Myofascial Pain

InjuriesButtockMyofascial Pain

What is myofascial pain?

Myofascial pain is a reasonably common cause of buttock pain and is characterized by pain arising from tight bands of muscle or ‘knots’ (trigger points) in the gluteal muscles.

The gluteal muscles are a strong group of muscles situated at the back of the pelvis forming the buttock (figure 1). The gluteals primarily comprise of 3 major muscles including:

Relevant Anatomy for Gluteal Myofascial Pain

Figure 1 – Relevant Anatomy for Gluteal Myofascial Pain

  • Gluteus maximus
  • Gluteus medius
  • Gluteus minimus

These muscles originate from the pelvis and insert into the top of the thigh bone (femur) (figure 1). Several other smaller muscles lie deep to the gluteals such as the piriformis muscle.

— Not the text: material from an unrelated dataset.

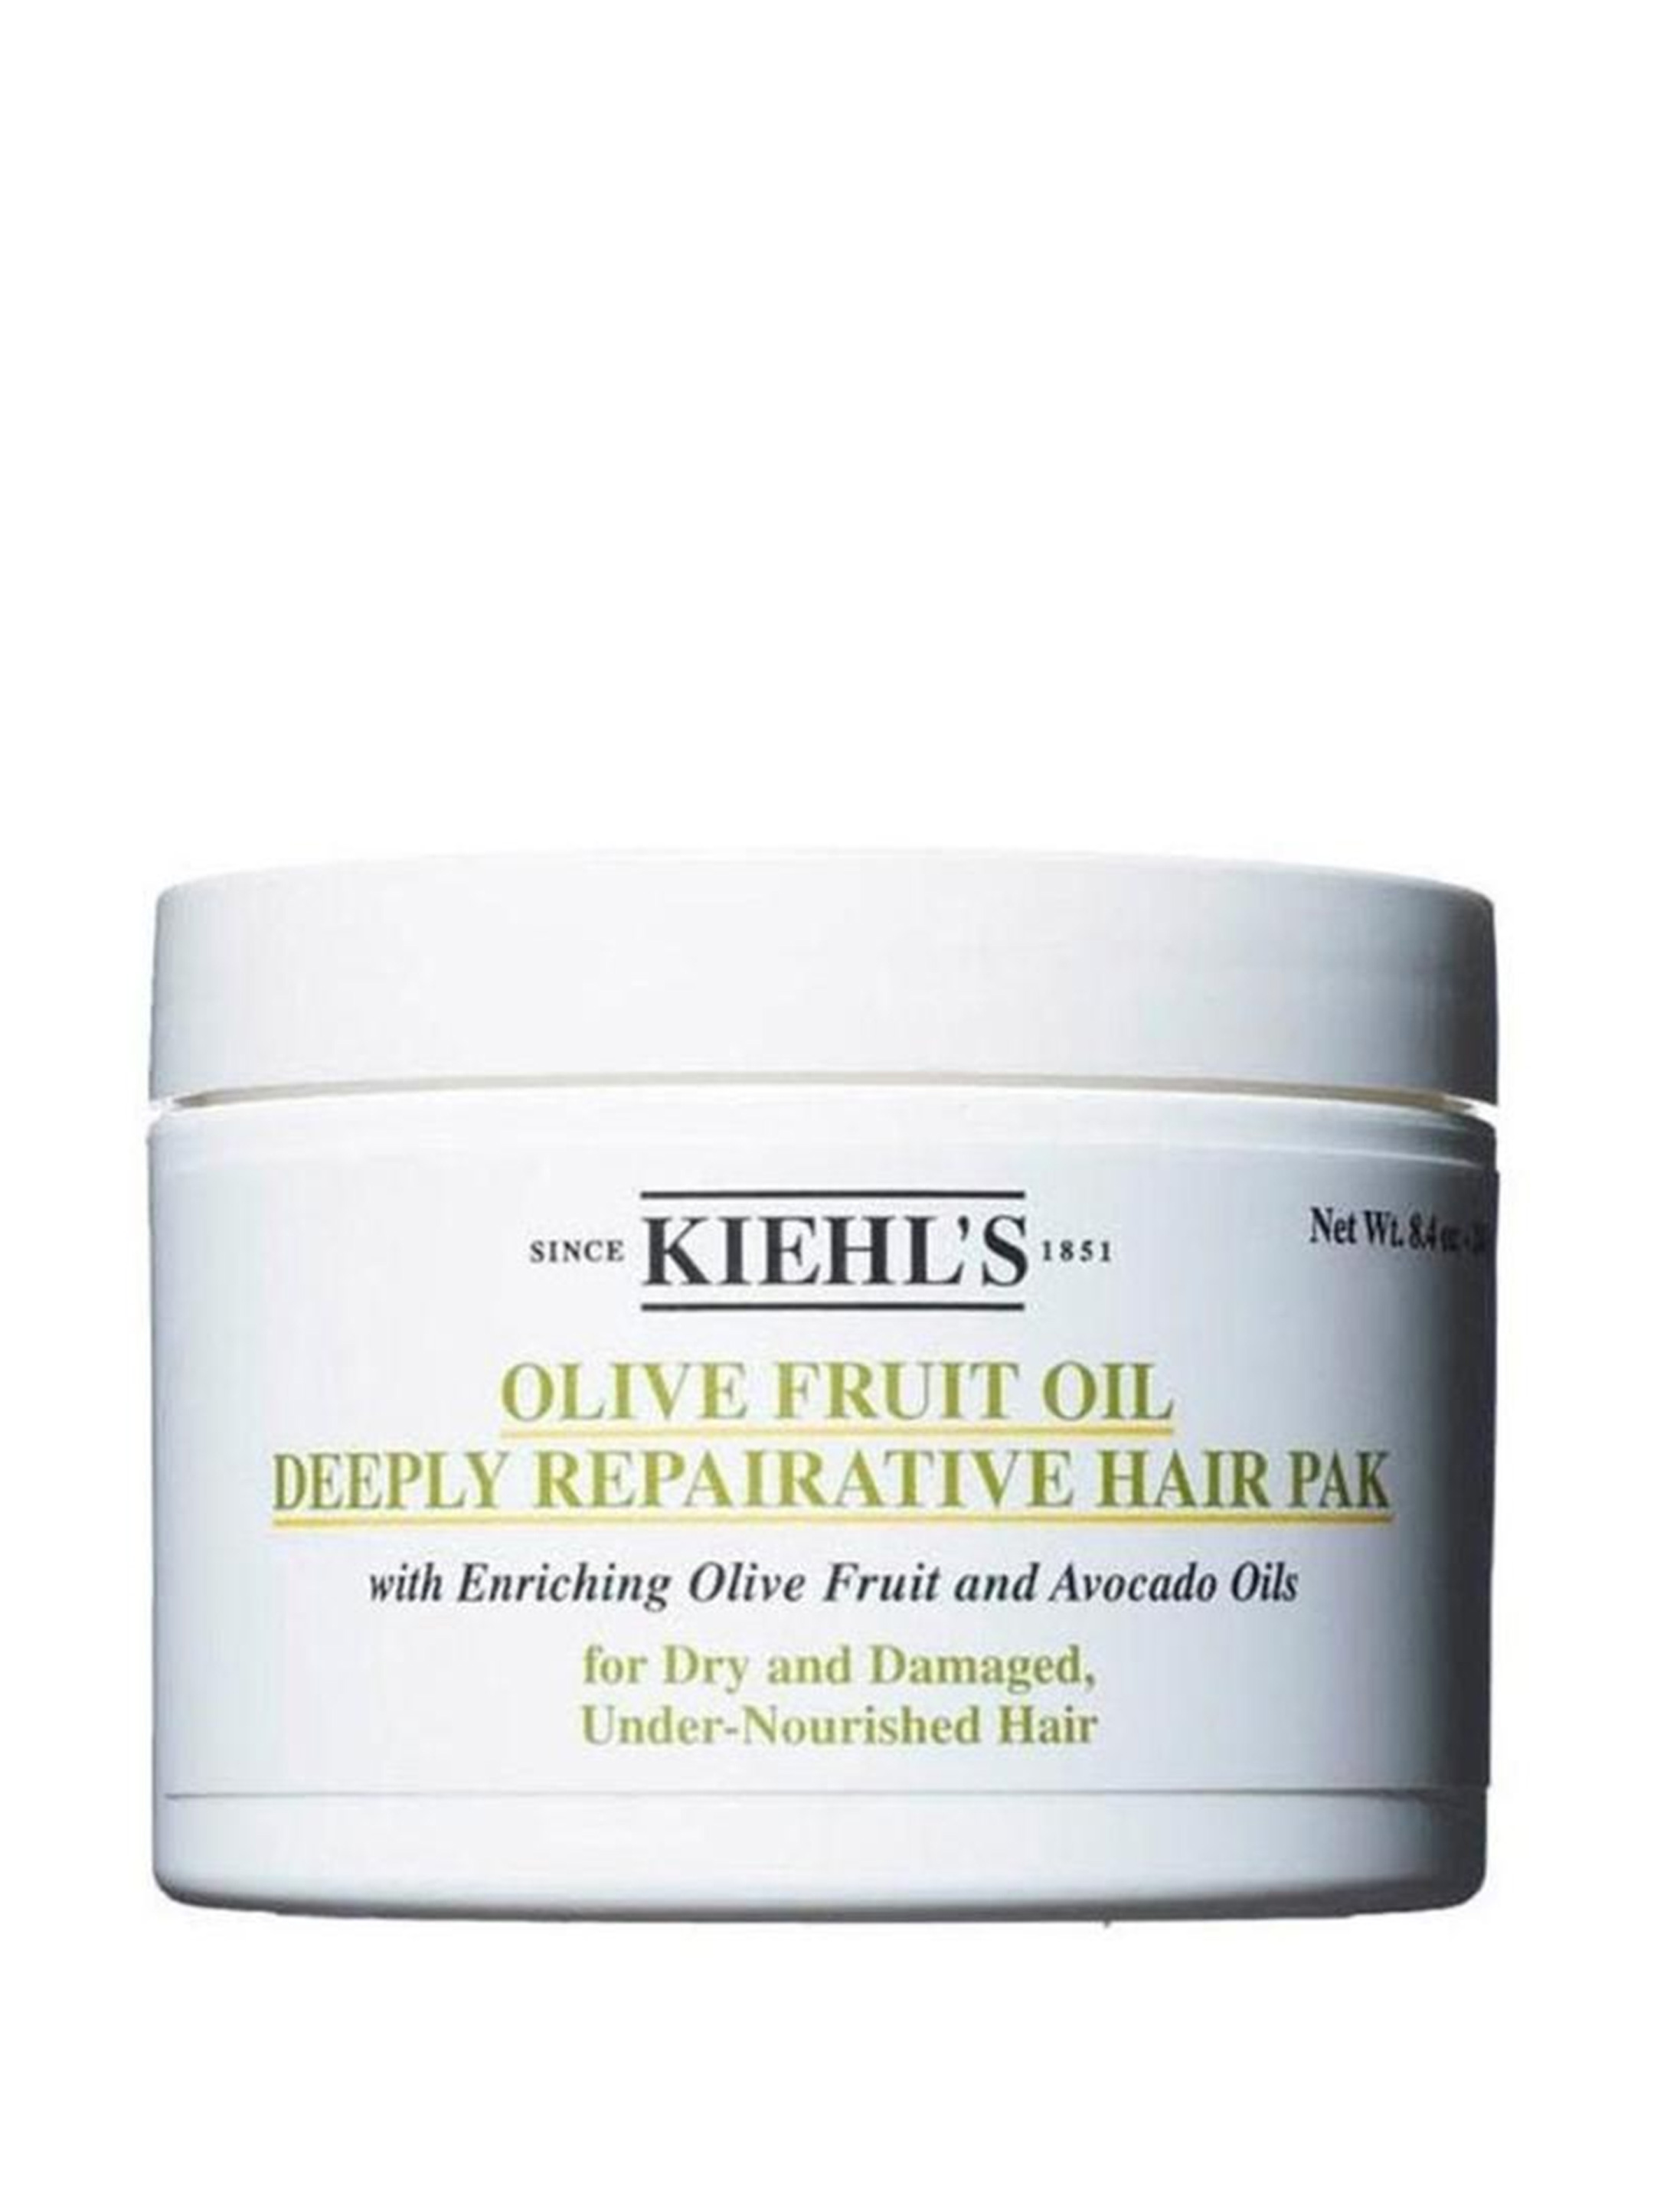 Питательная восстанавливающая маска. Kiehls маска для волос олива. Olive Fruit Oil deeply Repairative hair Pak, Kiehl’s. Маска для волос питательная. Питающая маска для волос.

The gluteal muscles are primarily responsible for straightening the hip during activity, stabilizing the pelvis and assisting with other movements of the hip such as hip rotation and side elevation. They are particularly active during running, jumping, squatting and lunging.

Excessively tight bands of muscle known as myofascial trigger points (knots) may form within the gluteal muscles due to lower back injuries, pelvic instability or overuse of the gluteal muscles. This can cause muscle and soft tissue shortening, increased pressure on local tissue and nerves and subsequent pain. When this occurs, the condition is known as myofascial pain.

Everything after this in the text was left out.